▸ DATA FOR THIS TASK:
○ ○ ○

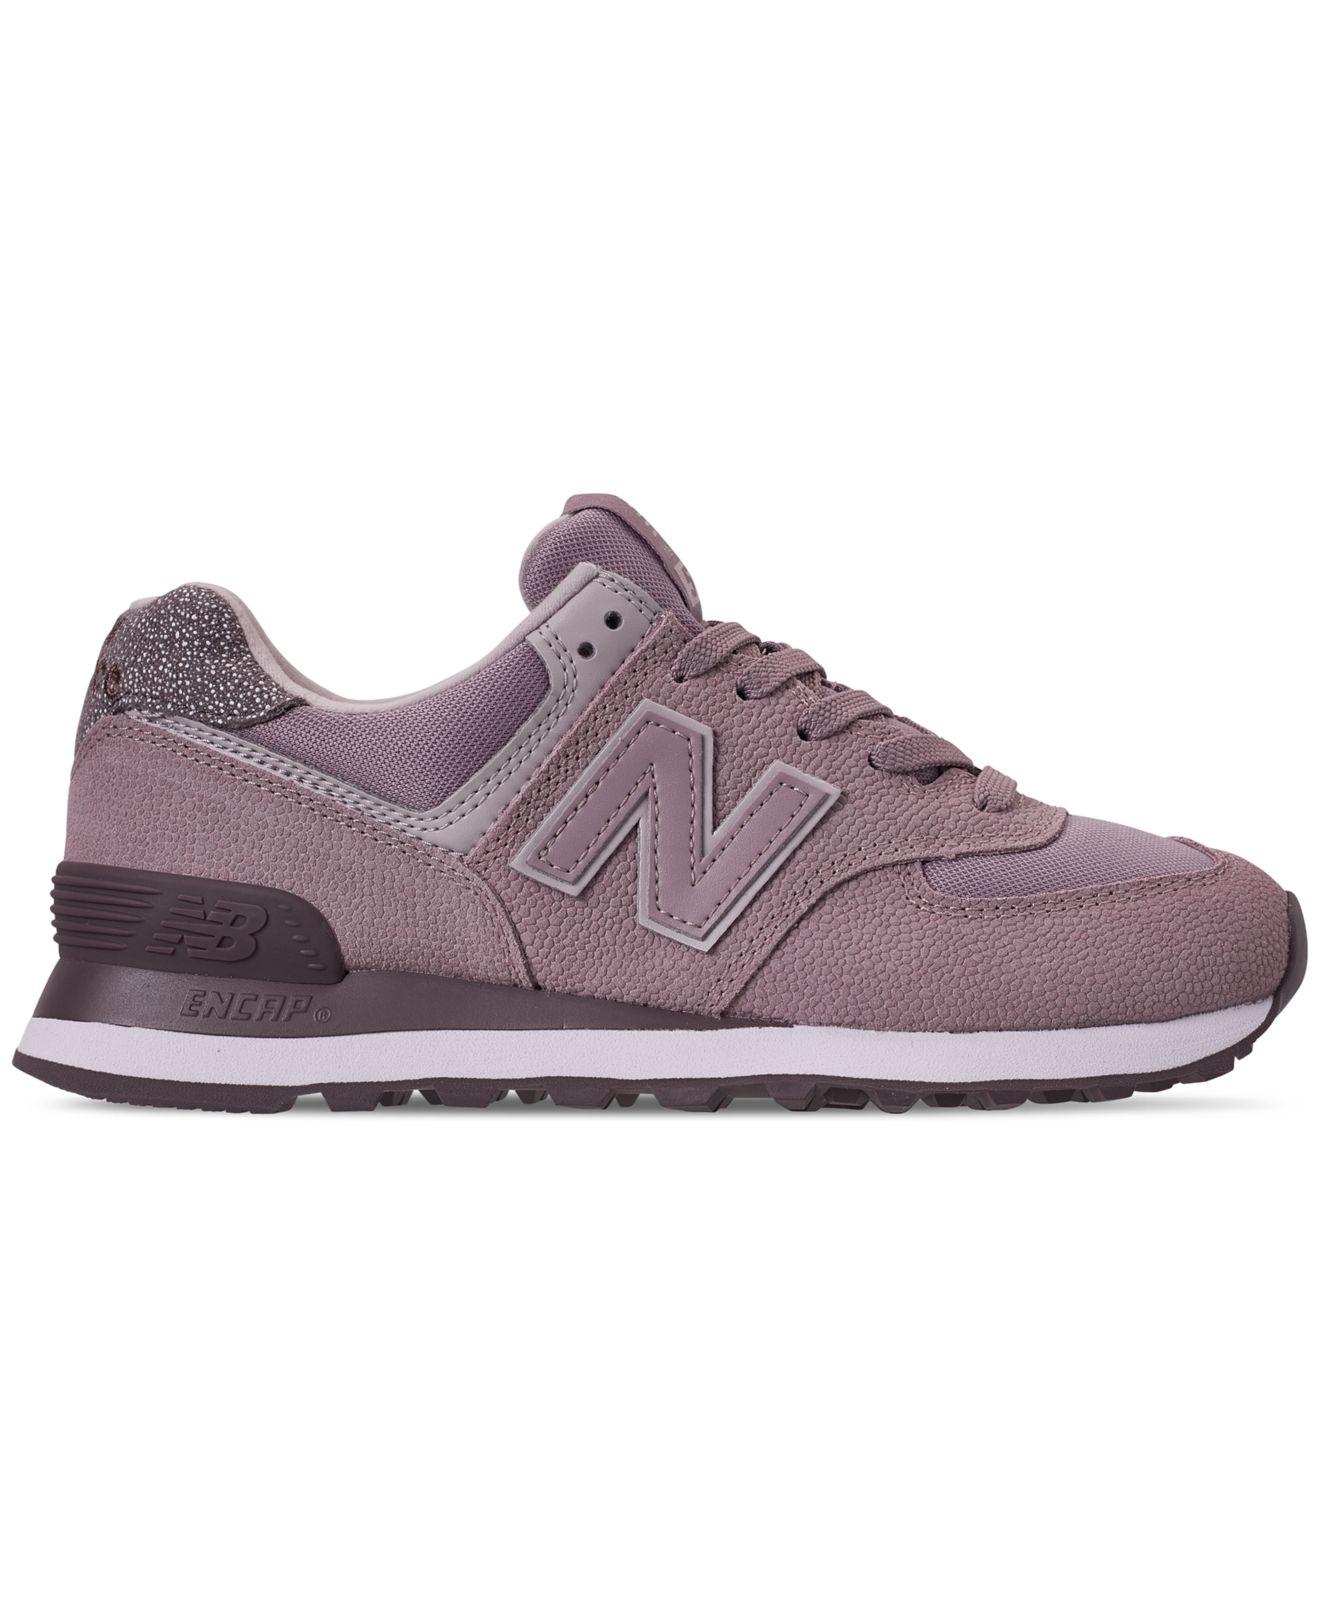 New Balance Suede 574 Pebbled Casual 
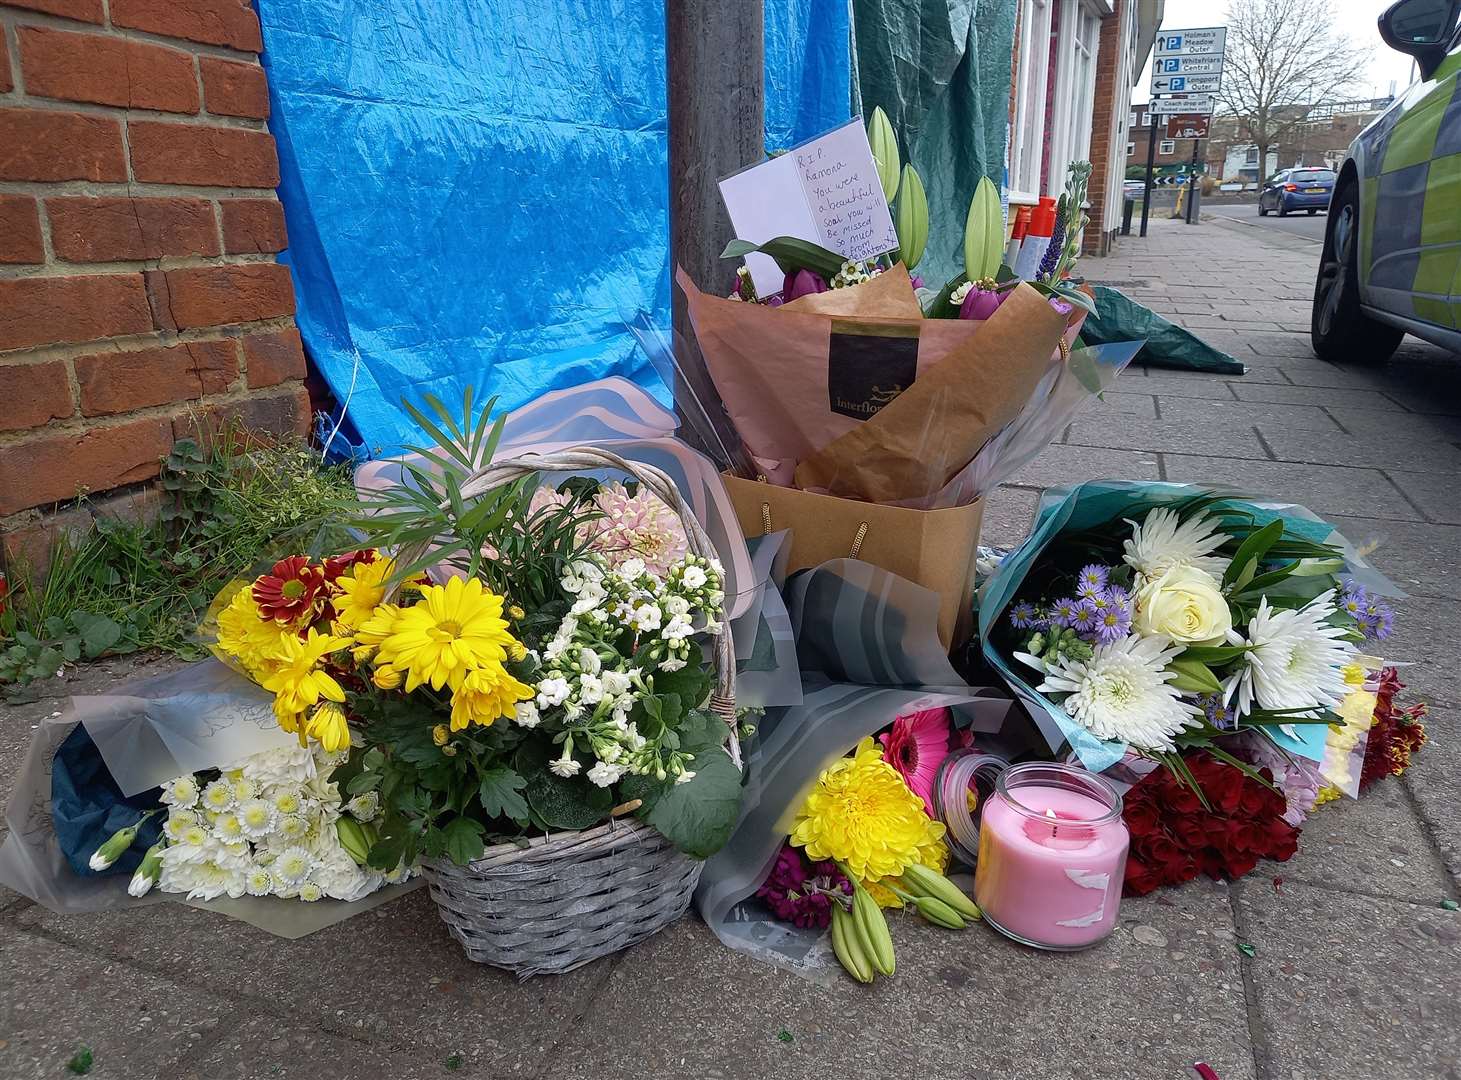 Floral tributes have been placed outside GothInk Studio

○ ○ ○

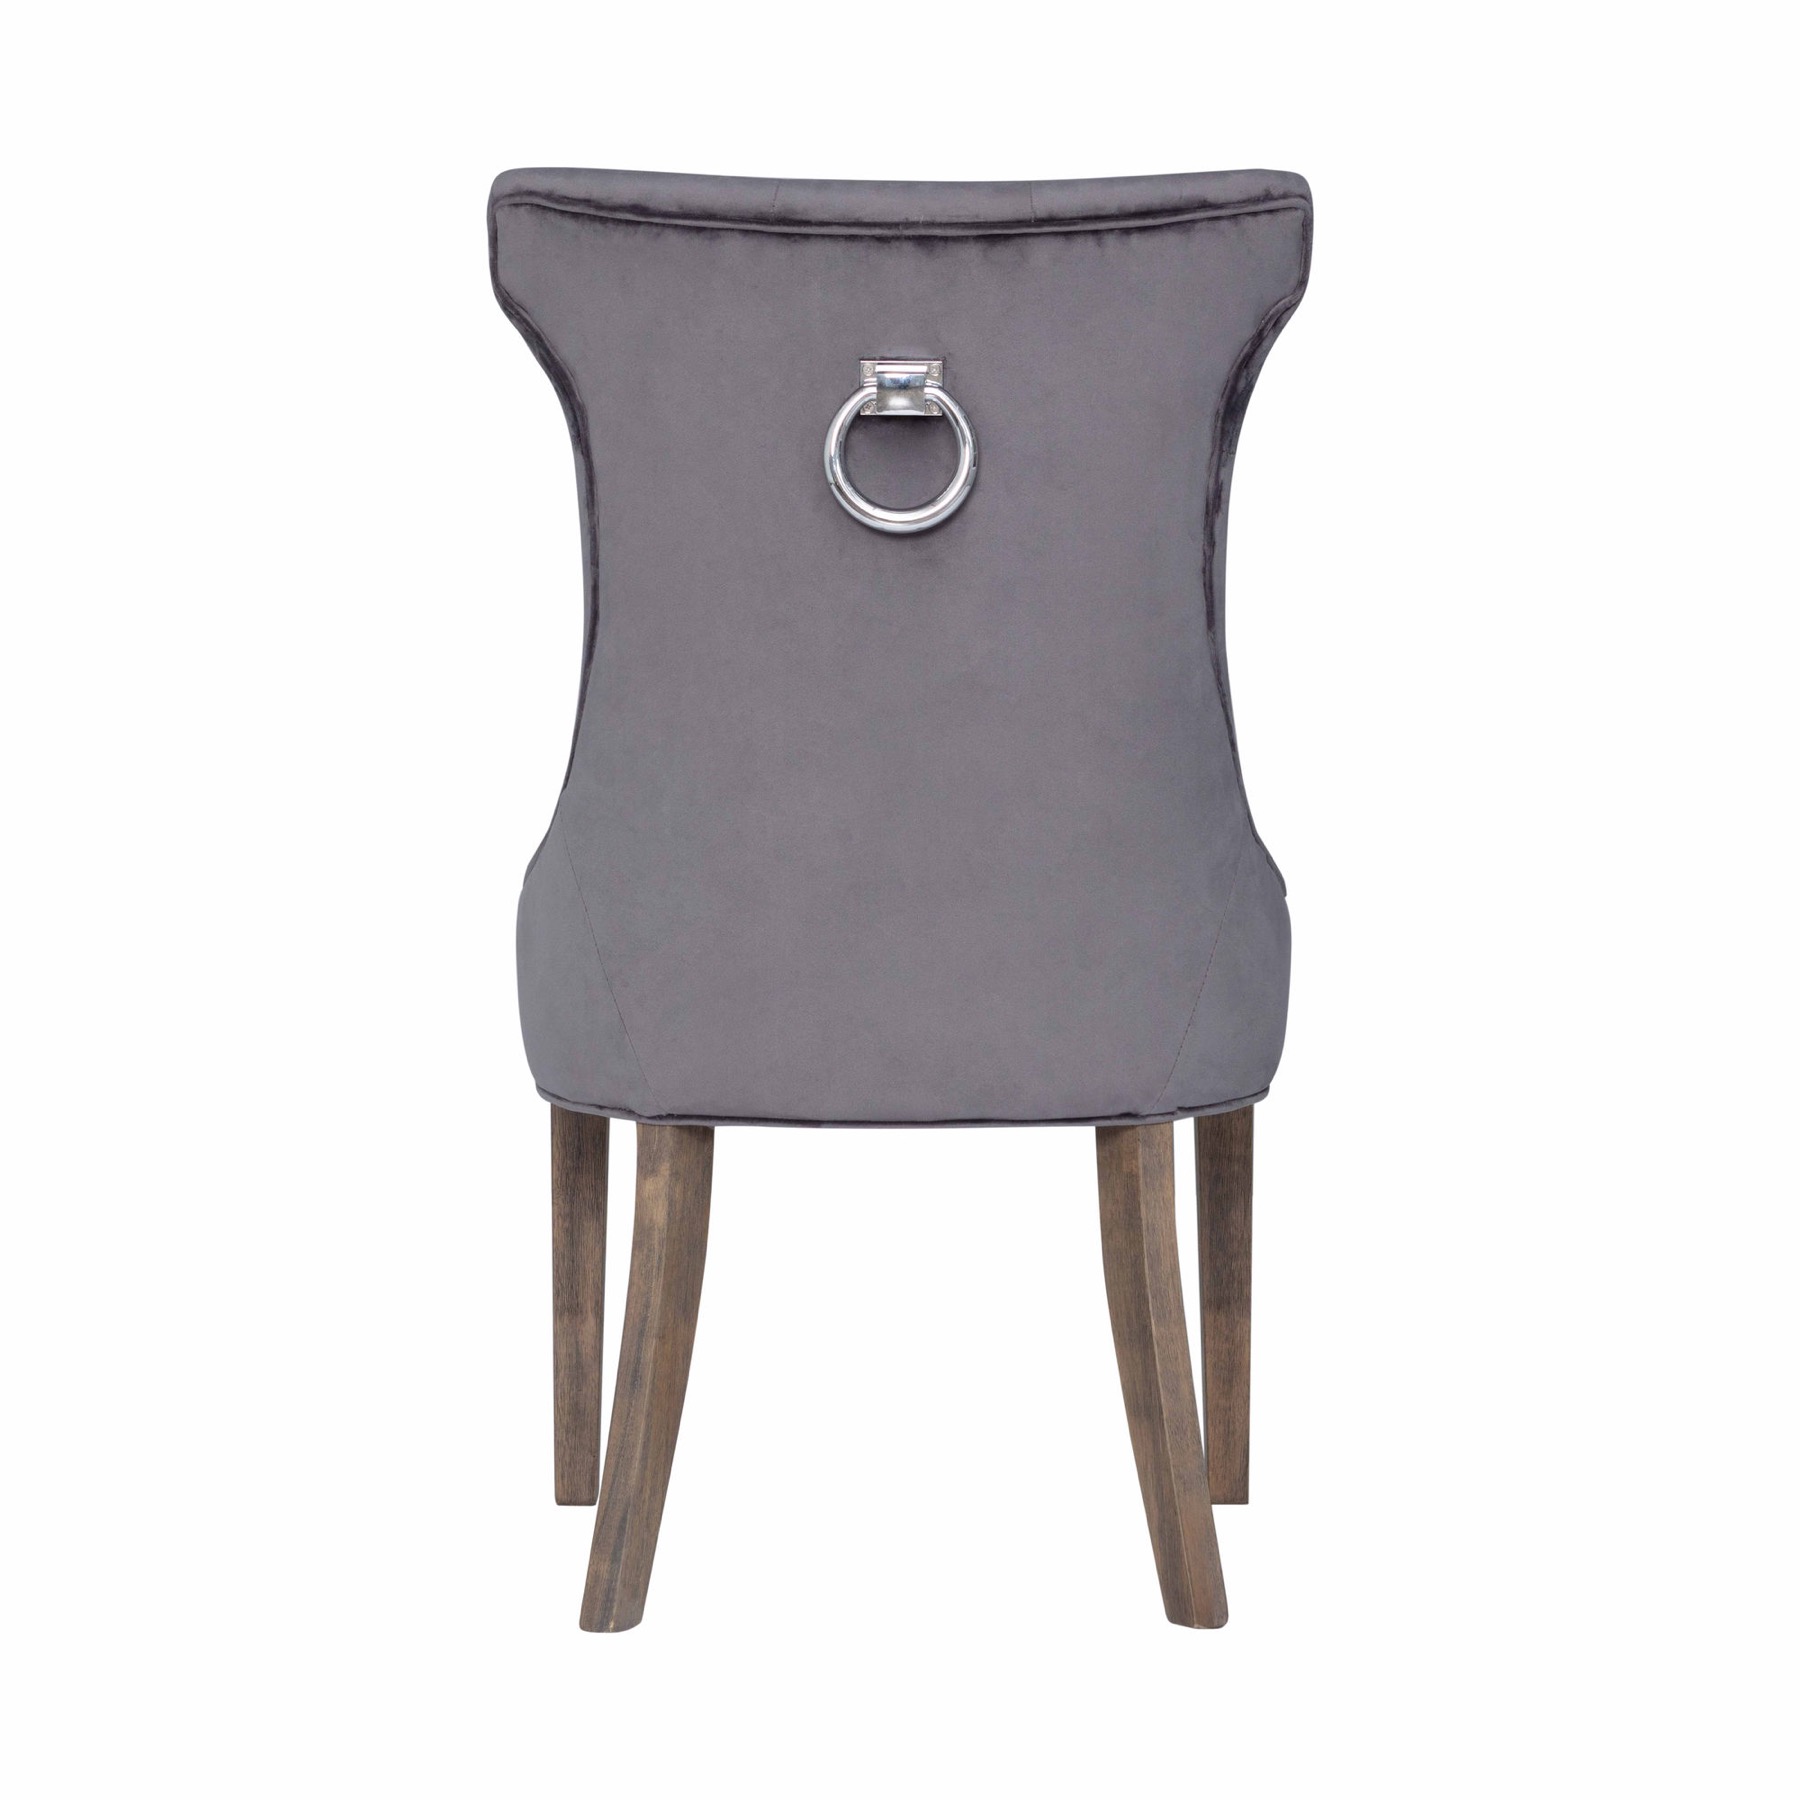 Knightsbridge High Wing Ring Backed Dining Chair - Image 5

○ ○ ○

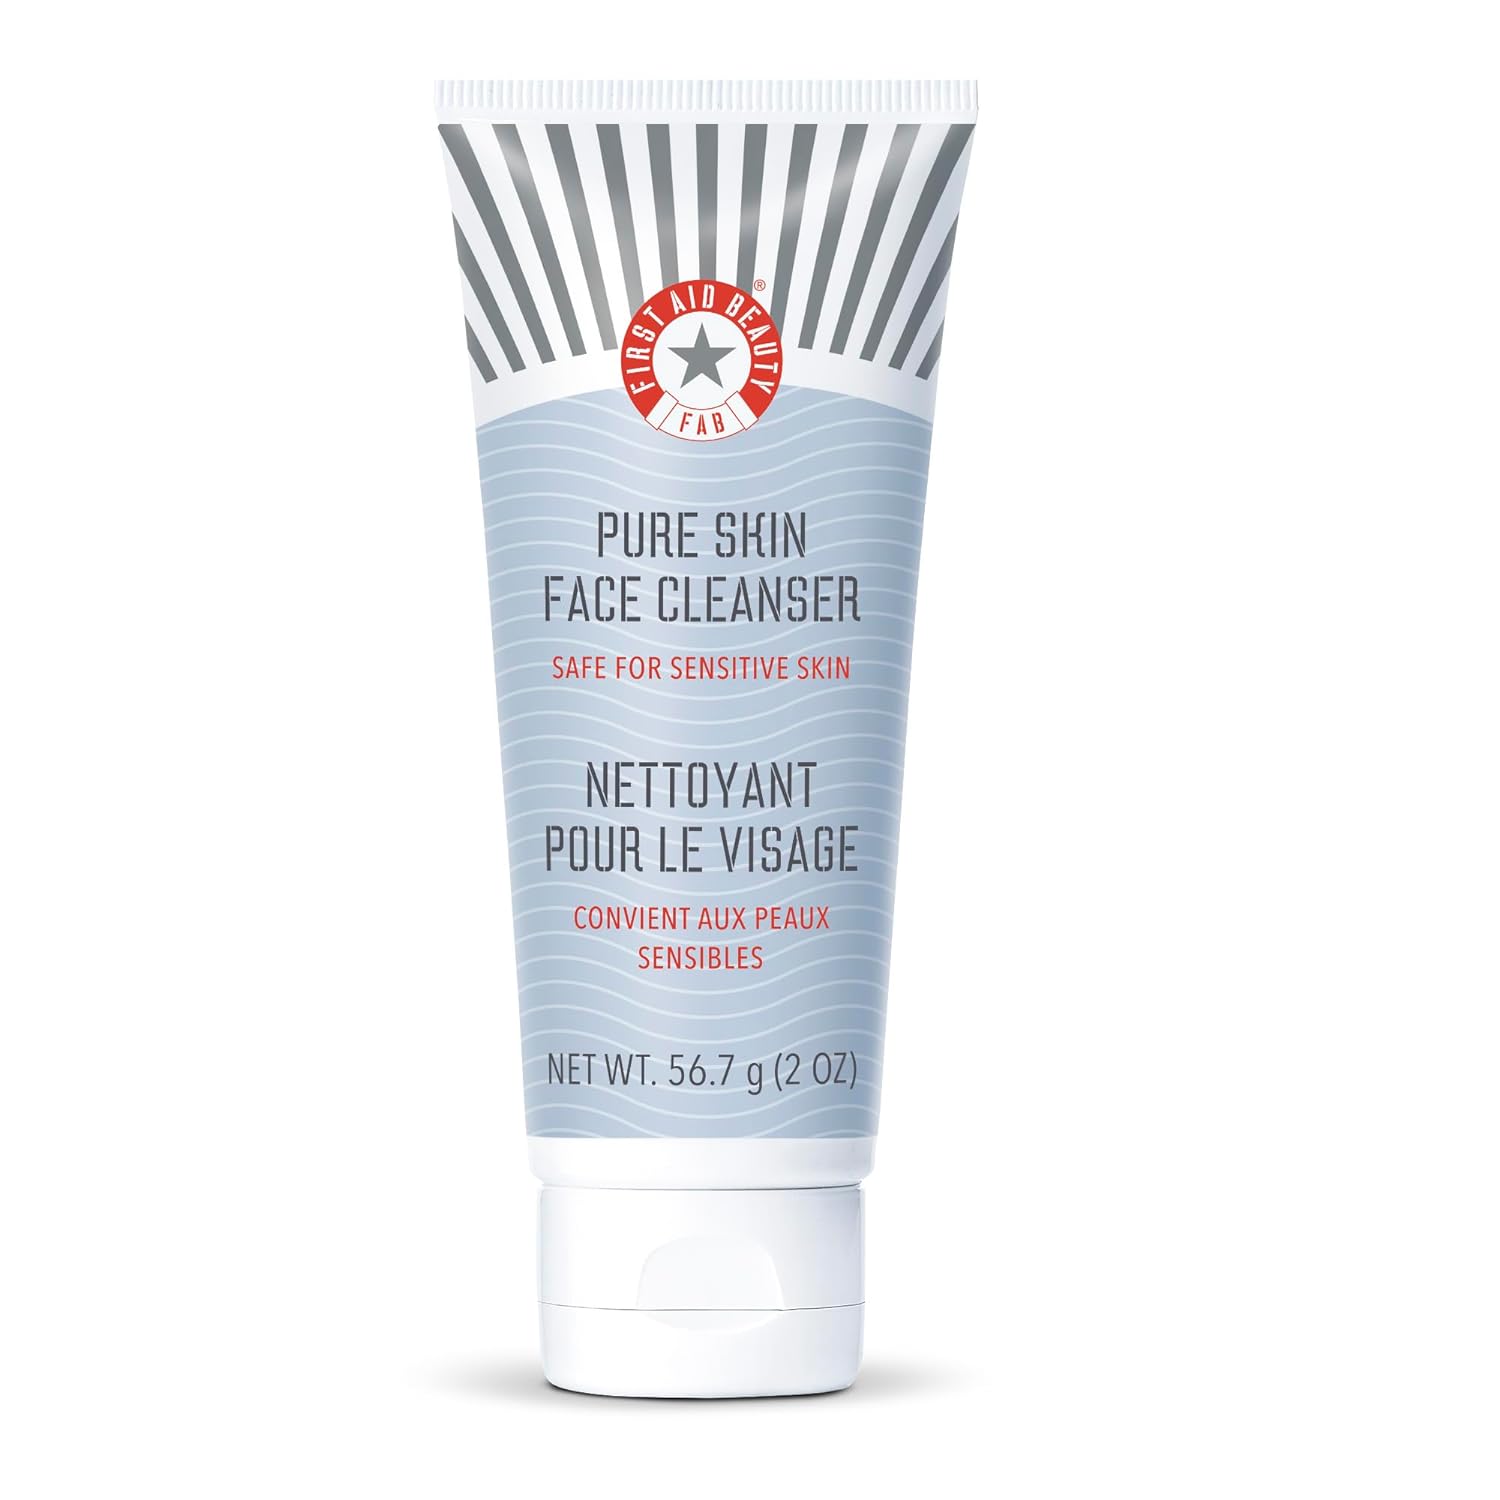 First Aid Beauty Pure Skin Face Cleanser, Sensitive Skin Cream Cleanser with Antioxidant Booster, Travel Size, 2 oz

○ ○ ○

In the entries above, find the line containing "New Balance Suede 574 Pebbled Casual" and the line containing "Floral tributes have", then copy both and every line between them exactly, without any picture.

 New Balance Suede 574 Pebbled Casual 
 Floral tributes have been placed outside GothInk Studio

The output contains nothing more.